- Work to complete
Find the line with "The Control and" in the entries below, then output every line from it down to the line with "Plant seeding growing on yellow background.", exactly and with no pictures.

- Provided records
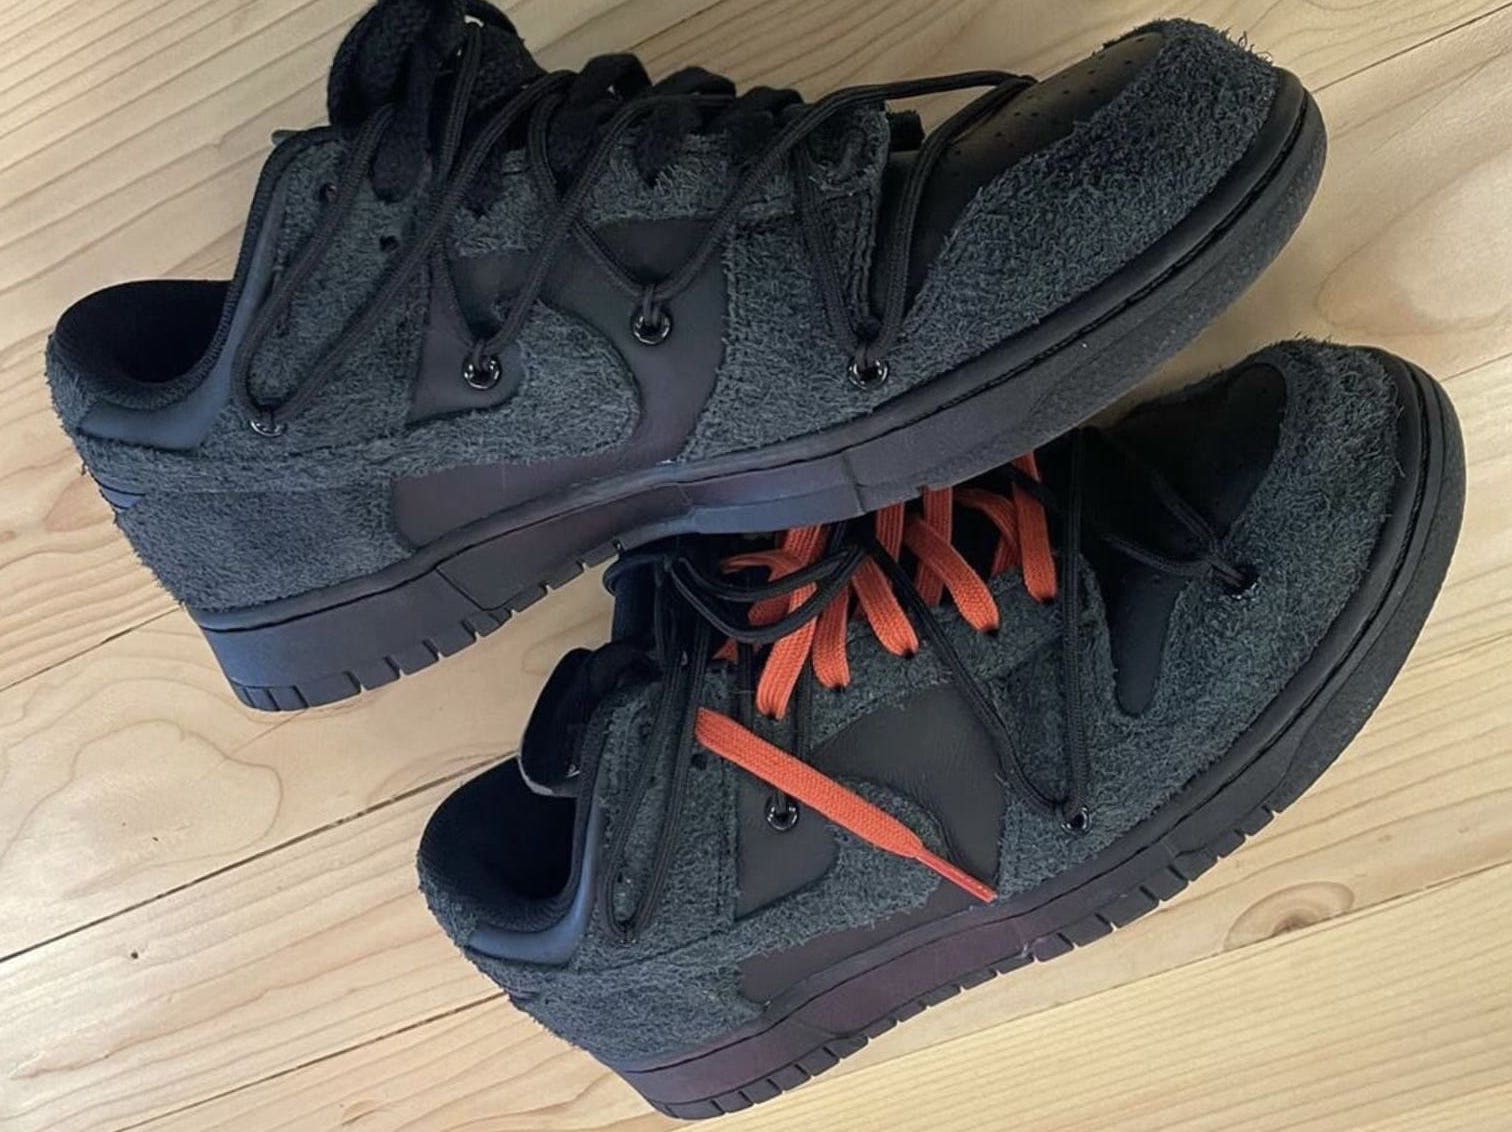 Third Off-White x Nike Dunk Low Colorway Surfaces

--

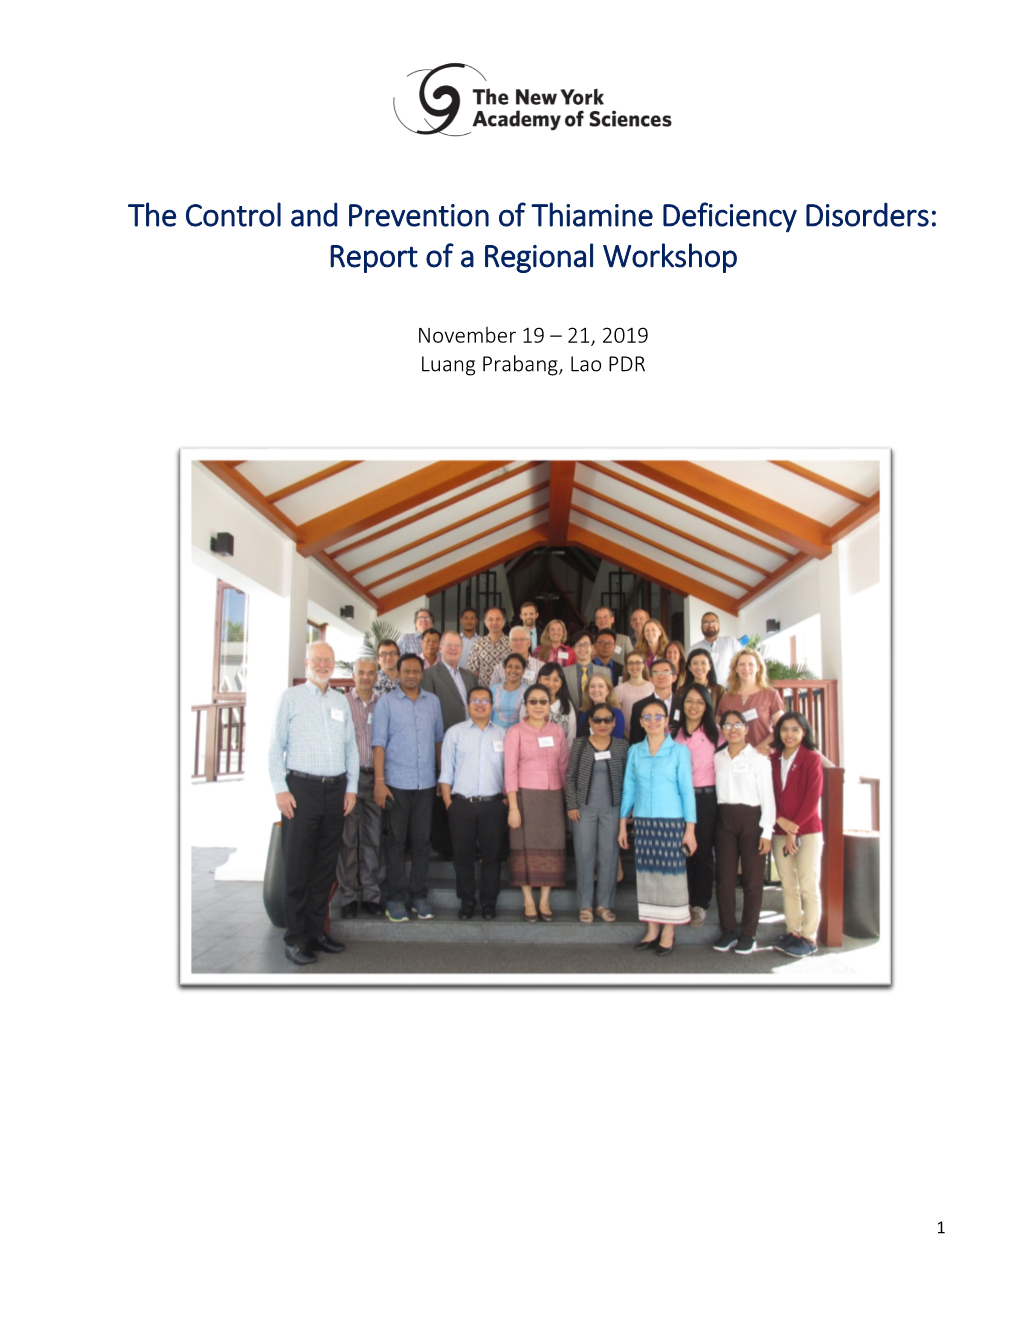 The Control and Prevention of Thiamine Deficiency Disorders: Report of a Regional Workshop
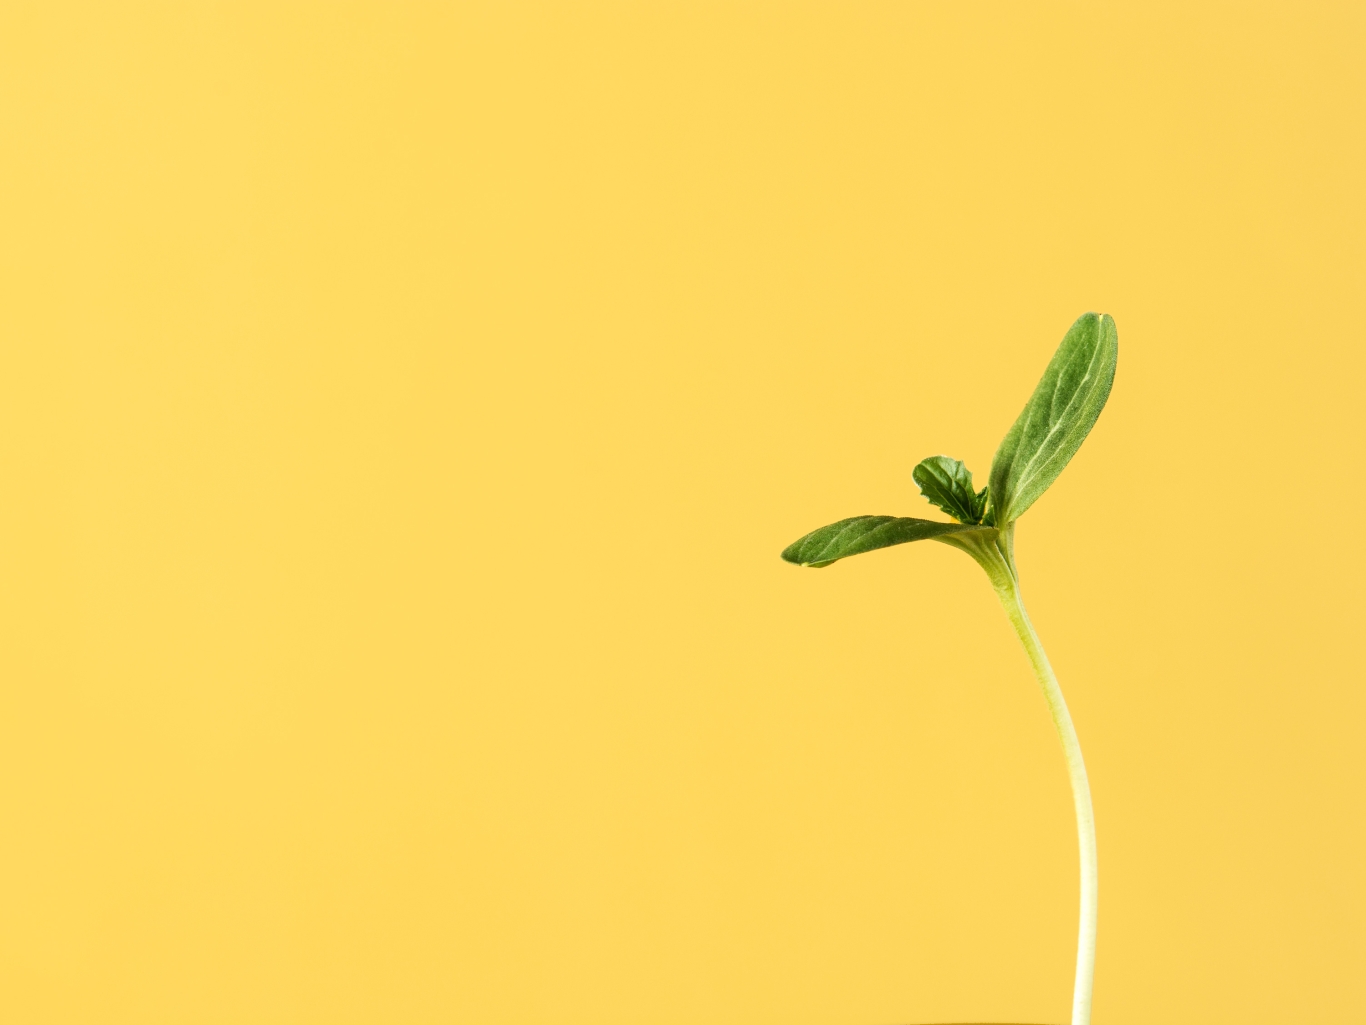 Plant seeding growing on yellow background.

--

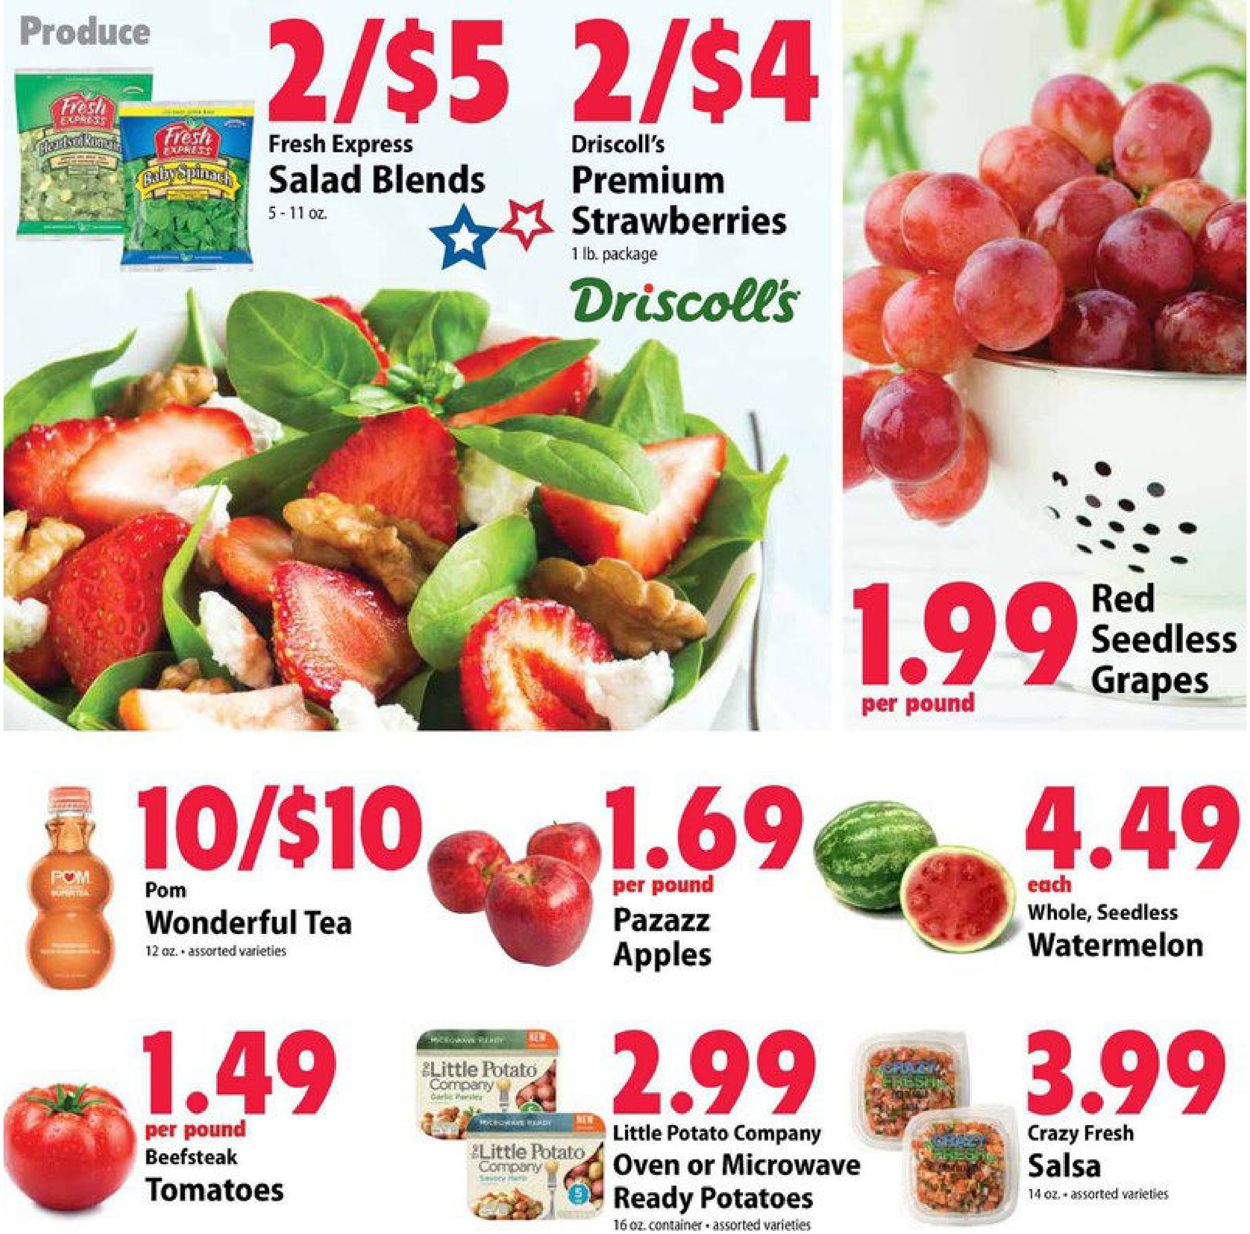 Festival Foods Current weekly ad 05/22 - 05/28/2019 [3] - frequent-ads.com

- Solution for this exercise
 The Control and Prevention of Thiamine Deficiency Disorders: Report of a Regional Workshop
 Plant seeding growing on yellow background.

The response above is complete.